Here is an example configuration file jfs56.cfg (please refer to hbf2gf.dvi for a description of the keywords):

hbf_header jfs56.hbf mag_x 1.482 x_offset 3 y_offset -8 comment jianti fansongti 56x56 pixel font magnified and adapted for 10pt

nmb_files -1

output_name gsfs10

checksum 123456789

dpi_x 600 dpi_y 600

coding codingscheme GB 2312-80 encoded TeX text

pk_directory d:\china\pixel.ljh\600dpi\ tfm_directory d:\china\tfm\

rm_command del cp_command copy long_extension off job_extension .cmd

And here the results:

input files: jfs56.a - jfs56.e, jfs56.hbf

program call: hbf2gf jfs56.cfg

intermediate files: gsfs10.cmd, gsfs1001.gf - gsfs1032.gf, gsfs10.pl

batch file call: gsfs10.cmd

output files: d:\china\pixel.ljh\600dpi\gsfs1001.pk - gsfs1032.pk, d:\china\tfm\gsfs1001.tfm - gsfs1032.tfm

[gsfs: GuoBiao simple encoded FanSong style ^ ^ ^ ^ It's hard to overcome the DOS restriction of 8 characters in a file name if you need two characters as a running number...]

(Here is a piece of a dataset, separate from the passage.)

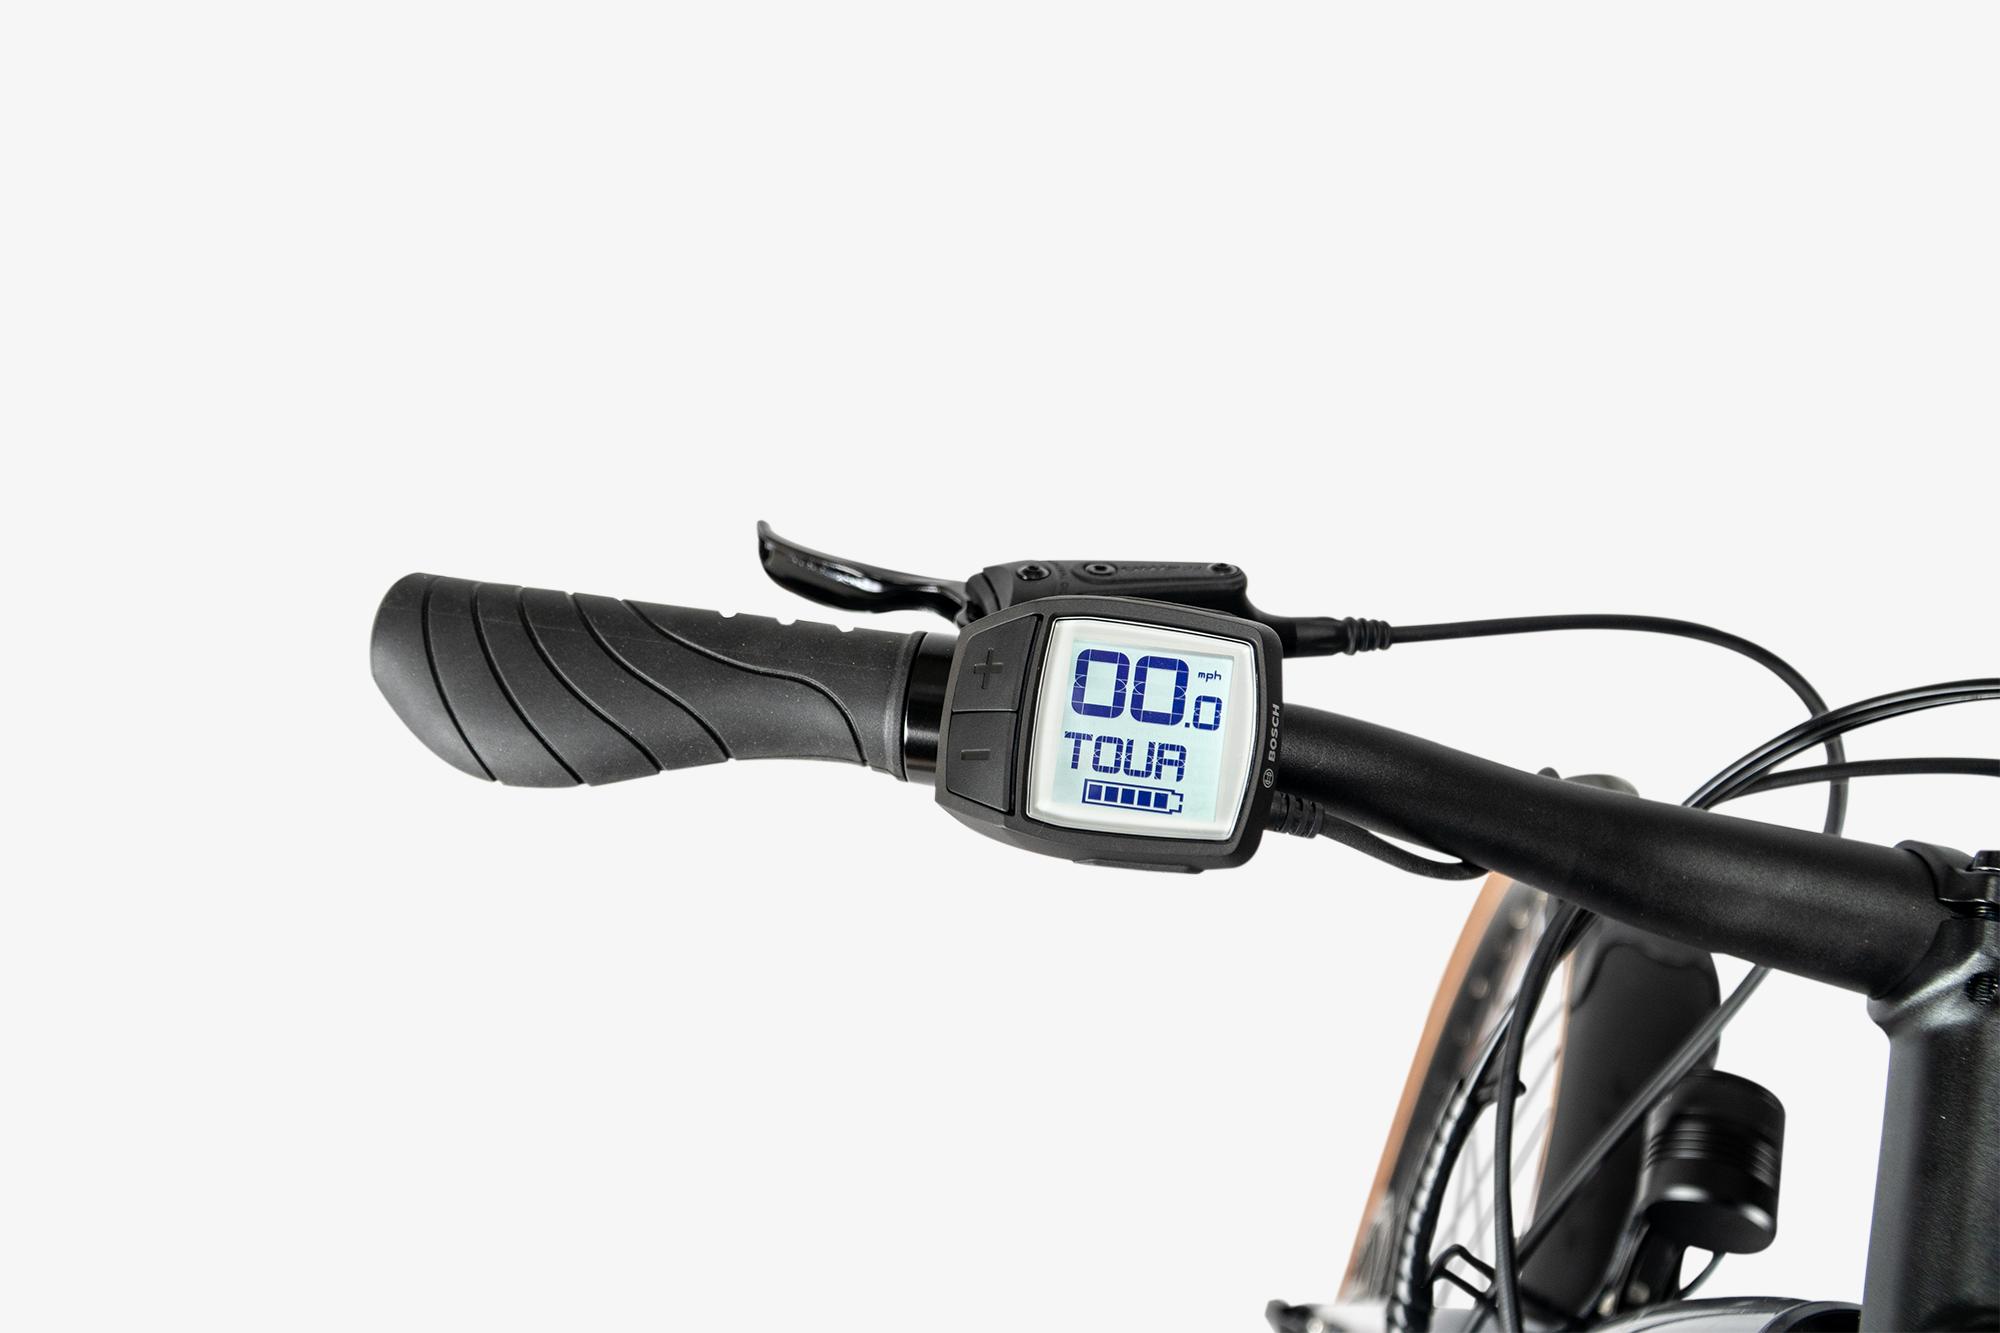 Bosch display on the Priority Embark electric bike

This would be a correct entry in UGBs.fd:

\DeclareFontShape{U}{GBs}{m}{fansong}{ <-10> CJKfixed * gsfs10 <10> sCJKfixed * gsfs10 <10.95> sCJKfixed * gsfs12 <12> sCJKfixed * gsfs12 <14.4> sCJKfixed * gsfs14 <17.28> sCJKfixed * gsfs17 <20.74-> CJKfixed * gsfs17}{}

assuming that you have created fonts for 10, 12, 14.4, and 17.28pt.

Korean input ------------

(The status of this feature is experimental. I can't speak Korean and would be glad to hear comments from people who have any idea what is happening here :-)

There are already different packages handling Hangul: hlatex, htex etc.; there is one package which also can handle hanja: jhtex.

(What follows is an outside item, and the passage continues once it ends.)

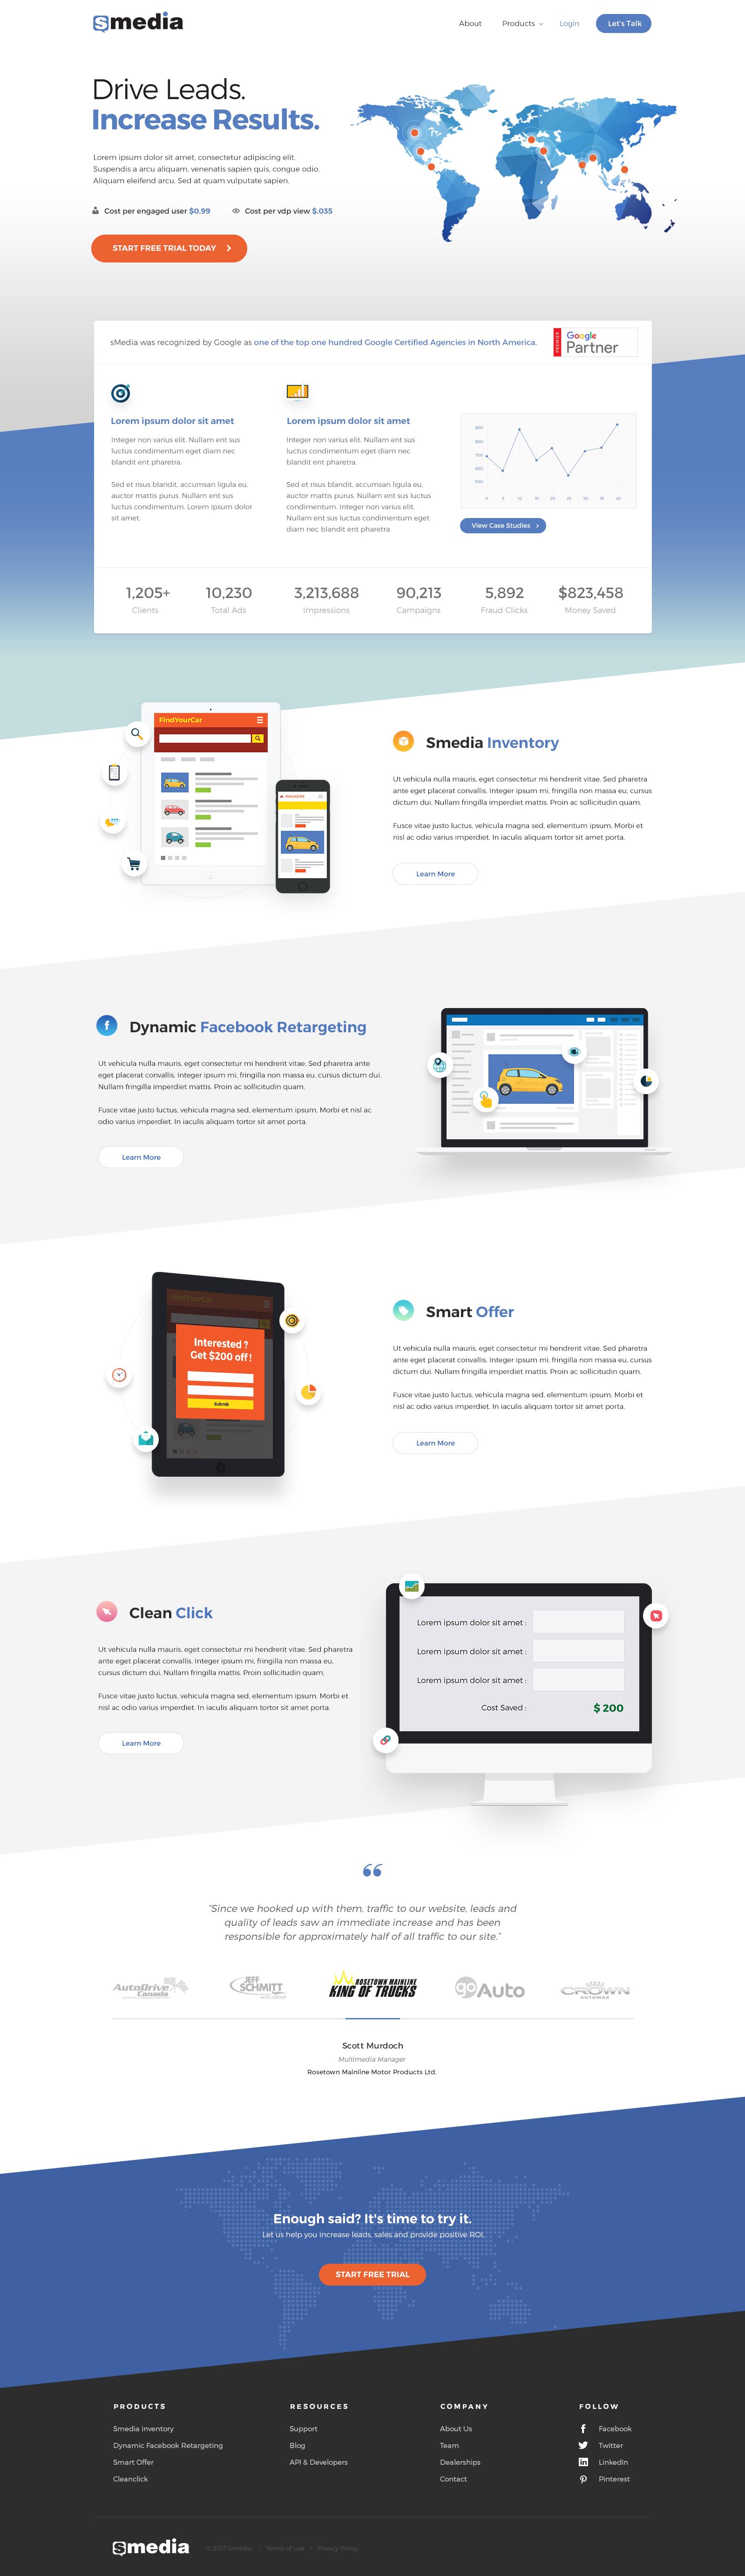 Designs National Digital Tech Company Web Page Design Contest Page Design Web Design Contest Design

The great difference of the packages just mentioned compared to CJK is the use of a preprocessor which converts text files containing KS encoded text into a TeX file. To do so has some advantages, but the output is completely unreadable. Additionally the output lines become rather lengthy (a two byte character code will be converted into a string up to 11 characters long), which may confuse some editors; and if you have a text which contains Chinese or Japanese also, you can't use KS to TeX converters because the code ranges overlap and converters are not able to recognize which is Korean and which is not.

In contrast, CJK does not need a preprocessor and the problems mentioned above are nonexistent, but you get nothing for free: CJK uses the virtual font mechanism to map the hangul syllables onto Hangul Elements (11 virtual fonts map to 2 real fonts), whereas preprocessors directly use the real fonts.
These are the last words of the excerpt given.